Q: If you had to work in any other industry or role, what would it be?
A: Difficult question! I really enjoy security, so maybe something related to human fraud, fighting money laundering for example. It’s an interesting topic with potentially huge impact.
Q: What advice do you have for someone looking to break into online threat research?
A: There isn’t really a right or wrong background for this work, and it’s something you can start learning by yourself if you’re motivated.
It’s important to be familiar with how the web is working: web architecture, networking, JavaScript, proxies, etc. And of course, you should try to create a few bots and see what you can learn! Most importantly, you need to be curious. You won’t find a tutorial online, so you need to experiment and develop your knowledge yourself.

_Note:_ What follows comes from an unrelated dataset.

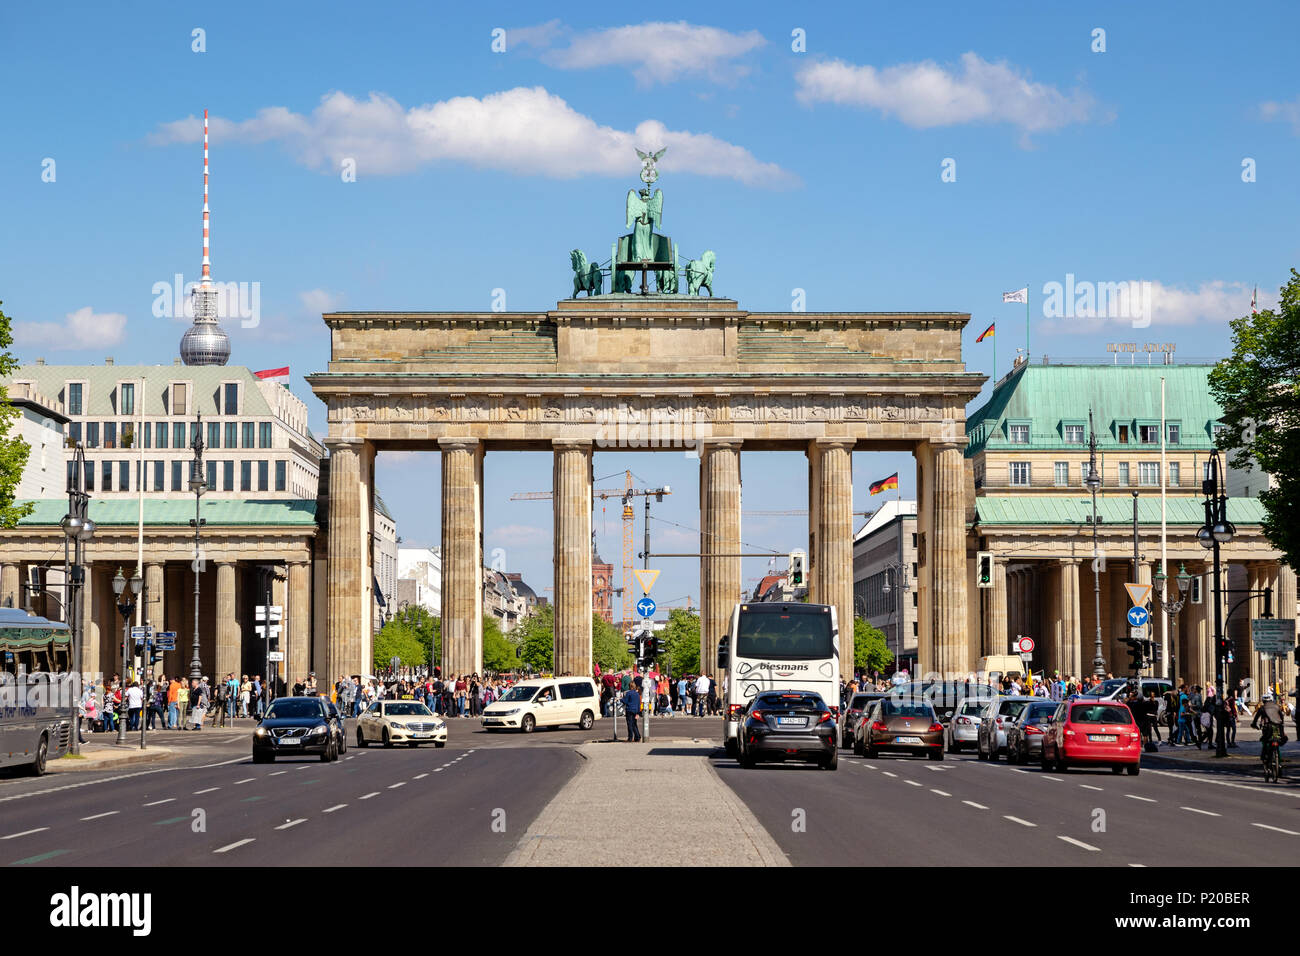 Berlino, Germania - 28 Aprile 2018: il famoso punto di riferimento tedesco e il simbolo nazionale Brandenburger Tor (Porta di Brandeburgo a Berlino. Foto Stock

When we hire for my team, we look for people with an automation mindset. At our scale, data processing and data automation are very important.
Aside from that, our team members have different skills. Some are data scientists with deep machine learning expertise; some have a mix of data science and cybersecurity analyst skills. Others are true security experts, with specialist skills in topics like network and web security.
So, we have a wide range of profiles, and we want to continue that way. When someone attacks you, they don’t play within the rules, and they don’t care what university you went to. So it’s good to have a diversity of skills to ensure that we always have what it takes to stay ahead of bots.